Search code examples
javastatisticsdistribution

Given a min, max, mean and standard deviation, generate a random value from a distribution using Java


Given that min = 0.00, max = 1400.00, mean = 150.50, standard deviation = 25.00, how does one generates a random value base on these statistics? From my understanding is that this graph is a skewed graph however I am not too sure if it's a log-normal distributed. However from my understanding so far, the following piece of code returns a value that is from a normal distribution.

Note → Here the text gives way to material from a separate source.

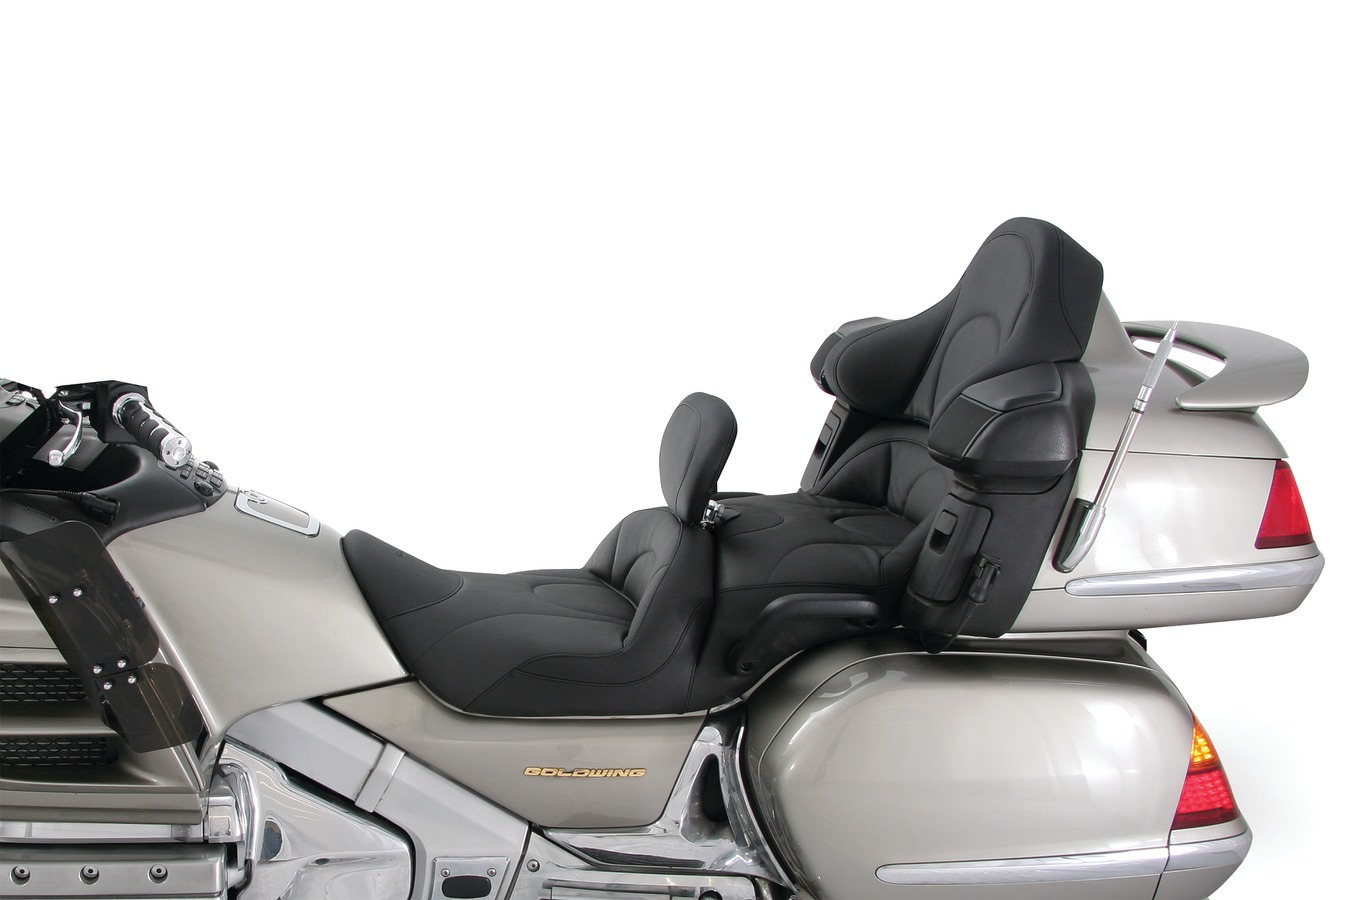 Standard Touring One-Piece Seat for Honda Gold Wing GL1800 2001-’17, Original, Black

private static int generateValue(double mean, double stdDev) {
    return (rand.nextGaussian() * stdDev) + mean);
}

Solution

  • One way to do this is to find a naturally bounded distribution which has mean and variance characterized by two parameters. That reduces the problem from trying to meet four constraints (min, max, mean, and s.d.) simultaneously to solving two equations (for mean and s.d.) in terms of two parameters. The beta distribution meets those needs. It's defined on the range [0, 1], but that can be easily adjusted to your problem by scaling results by 1400. I used the Wikipedia link provided above to refresh my memory on the formulae for mean and variance of a beta, and then headed over to the solver at Wolfram|Alpha to enter enter the formulae using a mean of 150.5/1400 and standard deviation of 25/1400. This yielded solutions of α=32.237057 and β=267.642543, so you can fulfill your requirements by generating values X = 1400 * beta(α, β) using the derived parameter values.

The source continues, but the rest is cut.